With Early Comparisons To Hugo, The Virgin Islands and Puerto Rico Waits To See If Hurricane Irma Will Visit Us Next Week
WHERE WILL IRMA GO? The projected path and intensity of Hurricane Irma based on Friday’s modeling.
MIAMI — Powerful Hurricane Irma rapidly intensified in the open Atlantic and poses a major threat to the region, including the Virgin Islands and Puerto Rico next week.
Far across the Atlantic, just west of the Cabo Verde Islands, Irma strengthened into a Category 3 hurricane as of Thursday afternoon. Irma became a tropical storm at midday on Wednesday.
“There is the potential for Irma to ramp up to an even more powerful hurricane in the coming days,” according to AccuWeather Hurricane Expert Dan Kottlowski. “Irma is likely to become a major hurricane and could become a Category 4 well before it reaches the Lesser Antilles.”
A Category 4 hurricane has sustained winds of 130-156 mph (209-251 km/h).

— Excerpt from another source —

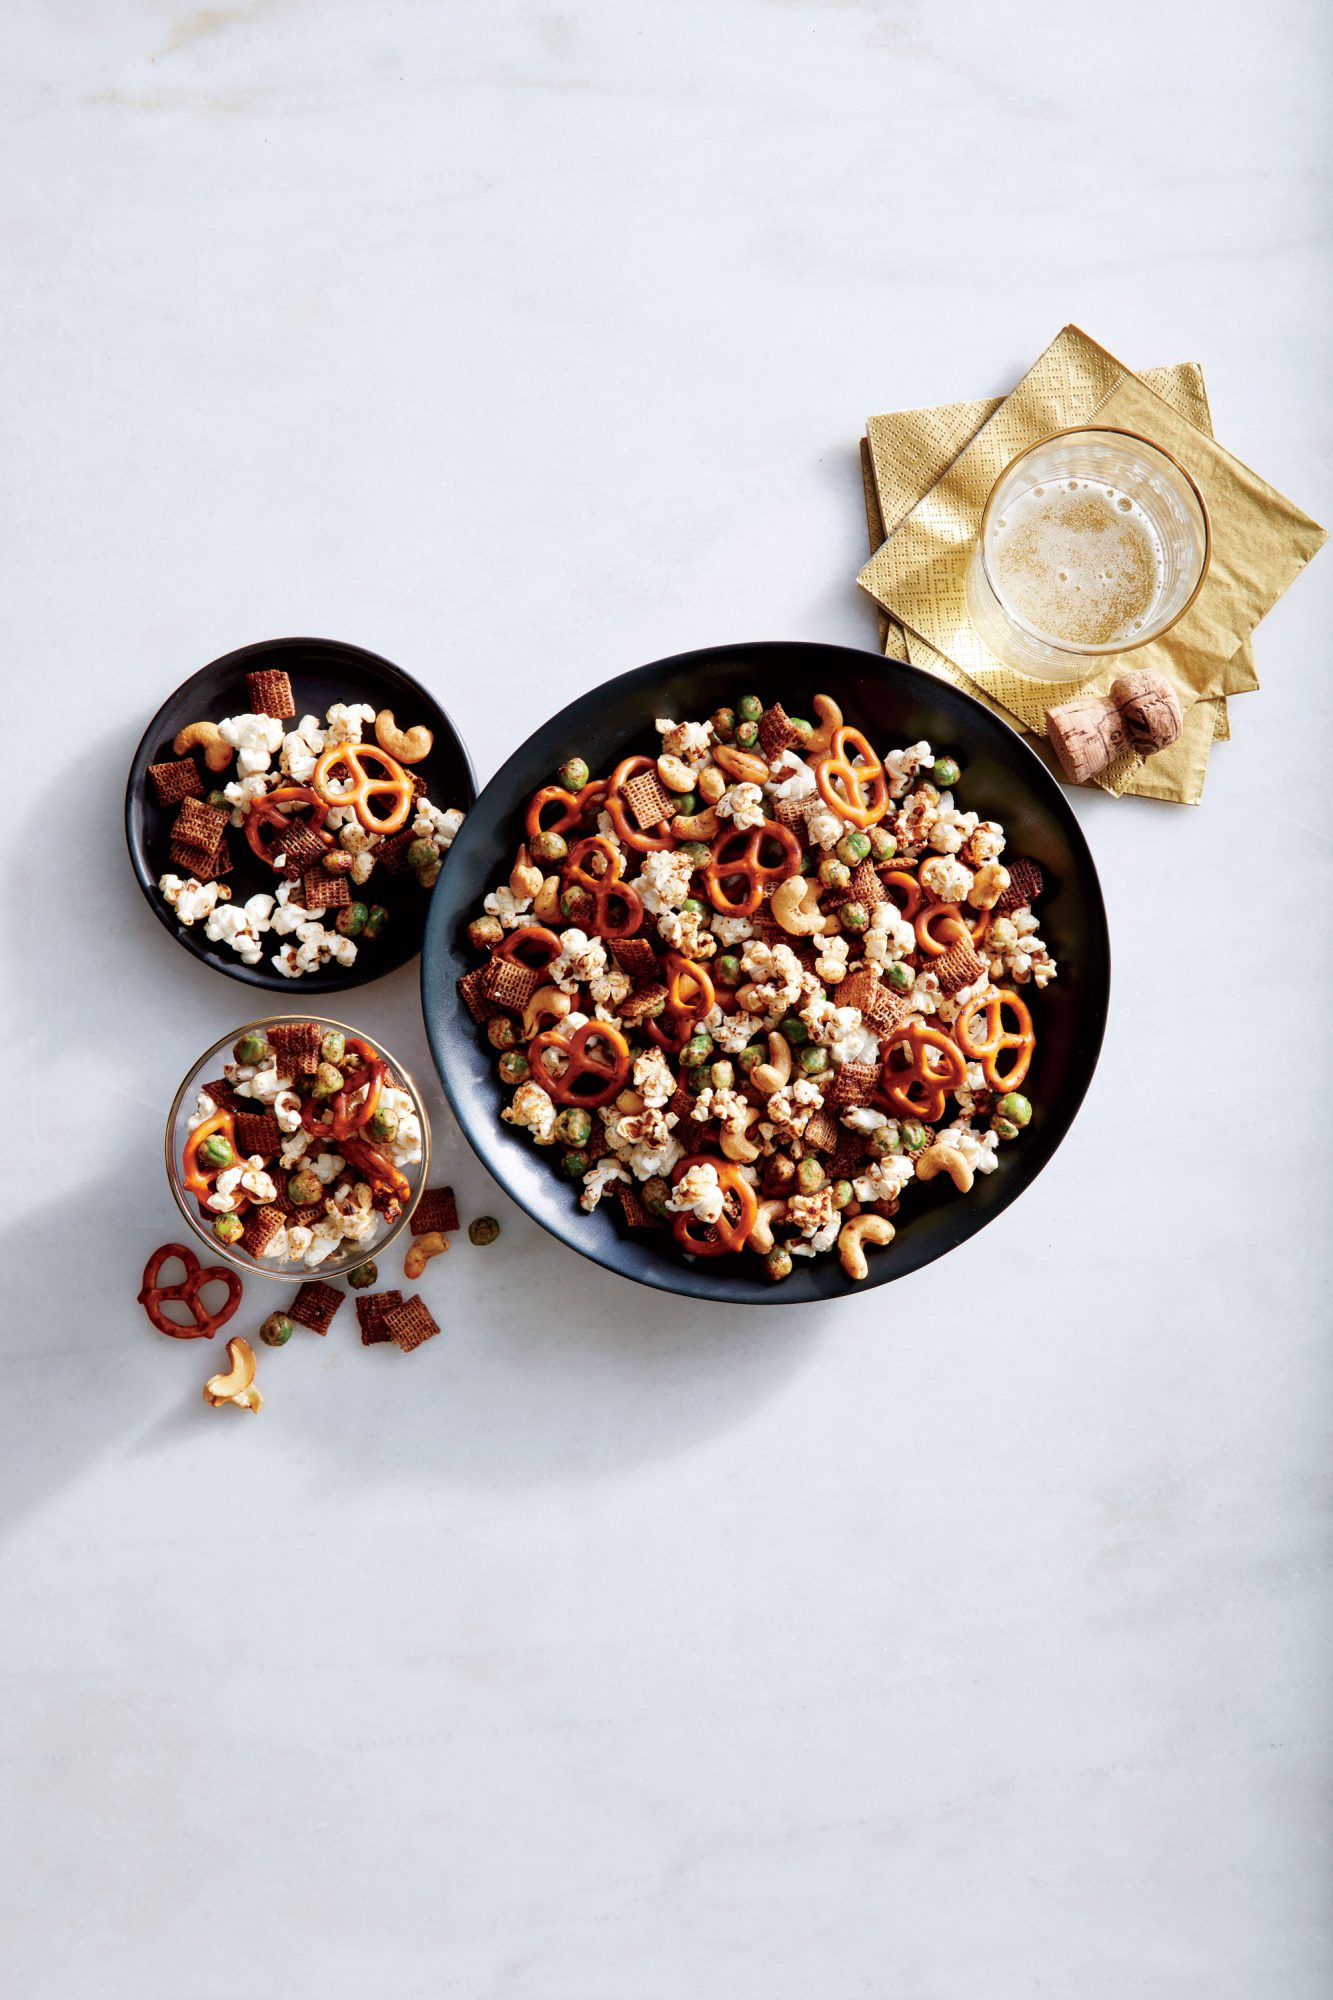 Sesame-Soy Nut and Pretzel Mix image

Subtle changes in atmospheric conditions, such as slightly drier air and a small patch of strong winds aloft, can cause significant fluctuations in strength in even the strongest of hurricanes.
Irma will take about a week to make its trek westward across the Atlantic Ocean. Meteorologists will likely be tracking this storm through the middle of September.

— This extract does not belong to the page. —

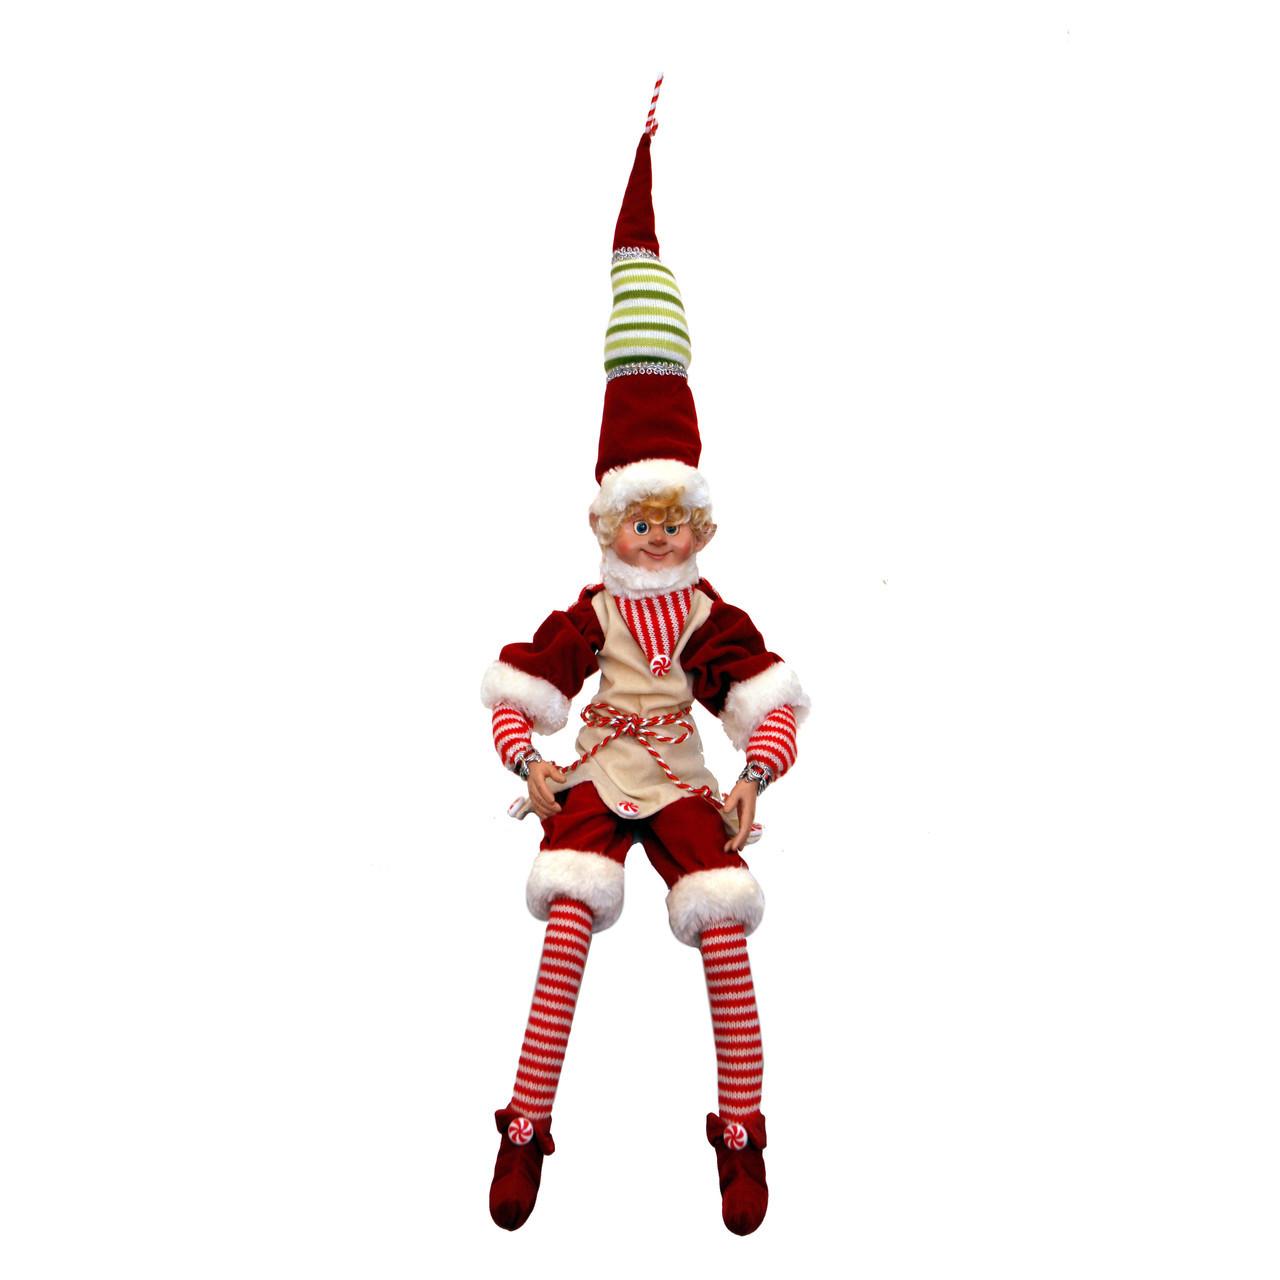 465148351bb43 Floridus Design 16in Buddy the Elf  XN508500

“All interests in the eastern Caribbean will need to monitor the progress of this evolving and dangerous hurricane,” Kottlowski said.

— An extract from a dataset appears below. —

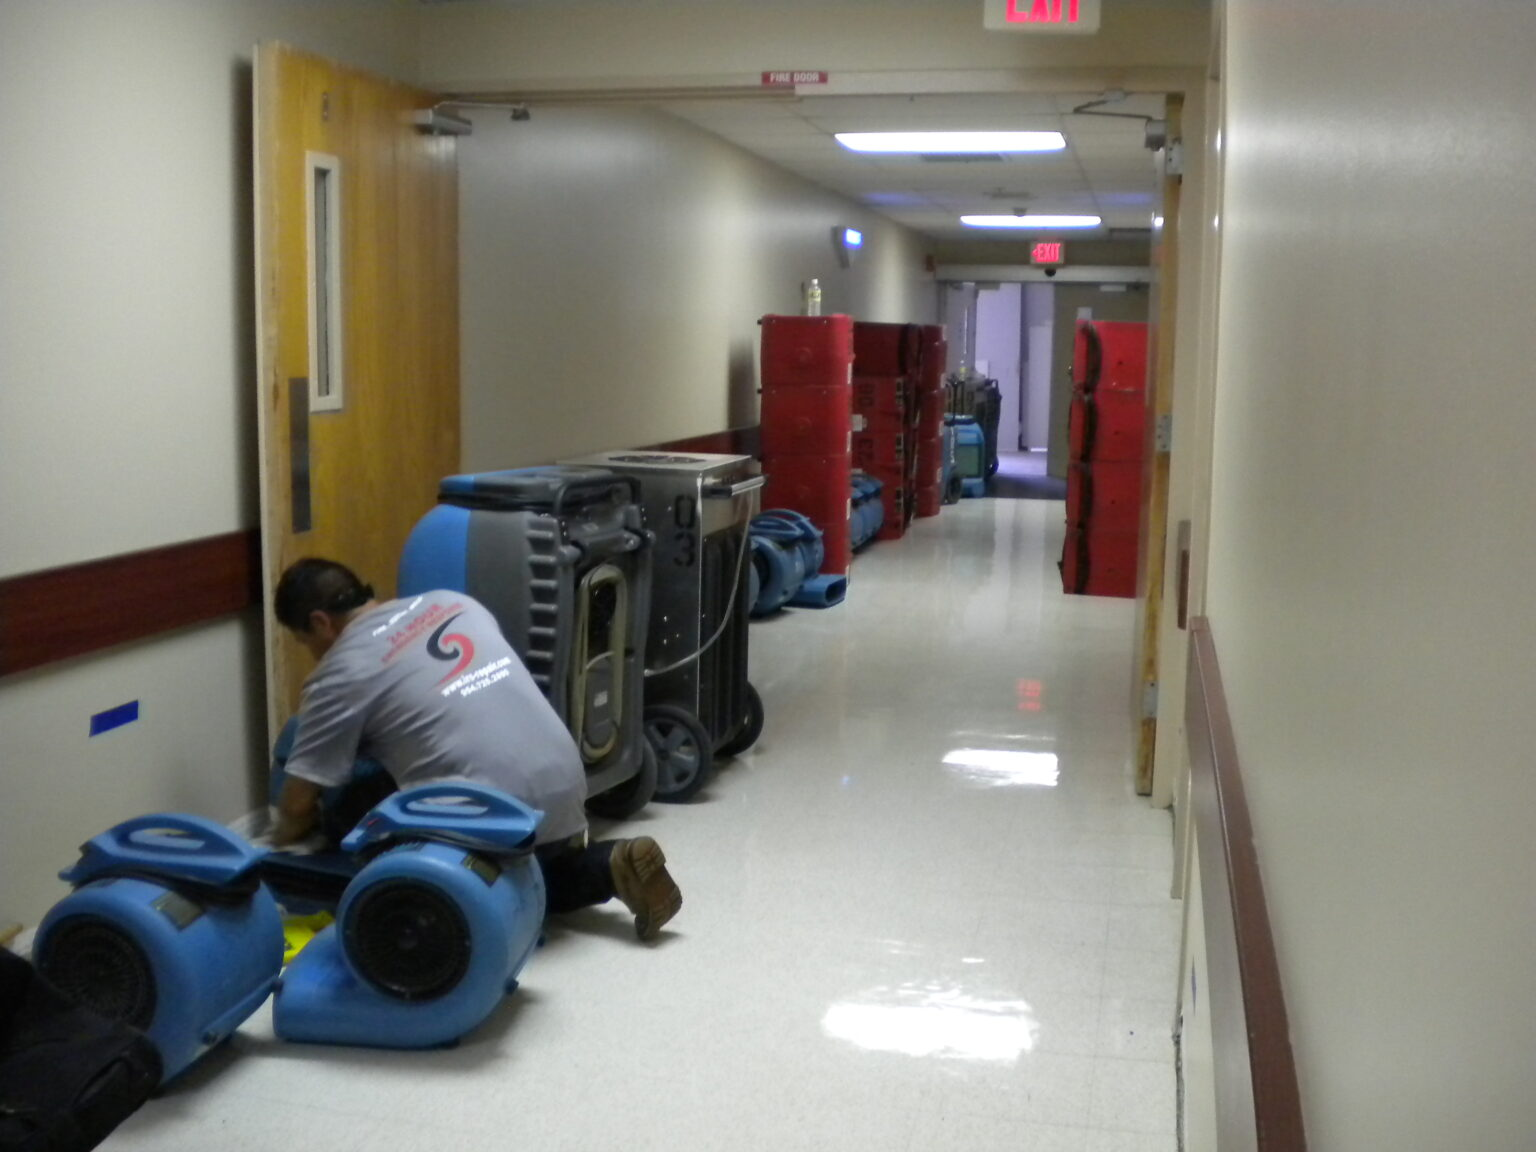 Water damage restoration in a school

“It is way too soon to say with certainty where and if this system will impact the U.S.”
During this time, plenty of atmospheric factors will come into play to determine its path.
Possibilities range from a landfall on the Leeward Islands in the northeastern Caribbean to the Carolinas and the island nation of Bermuda – and everything in between.
As of early Friday morning, Irma was located about 1,725 miles (2,775 km) east of the Leeward Islands with maximum sustained winds of 115 mph (185 km/h)
“Steering winds will guide Irma close to the Leeward Islands and then perhaps Puerto Rico and Hispaniola around the middle of next week,” according to AccuWeather Meteorologist Brian Thompson.
Conditions are favorable for tropical development throughout the central Atlantic, heightening the threat of significant strengthening as this system approaches the U.S.
The National Hurricane Center is also tracking a tropical wave that has just come off the coast of Africa.
It has a 50 percent chance of development over the next five days, and forecasters say that it could become a tropical depression early next week.
The next name on the list is Jose. The Atlantic hurricane season lasts until Nov. 30.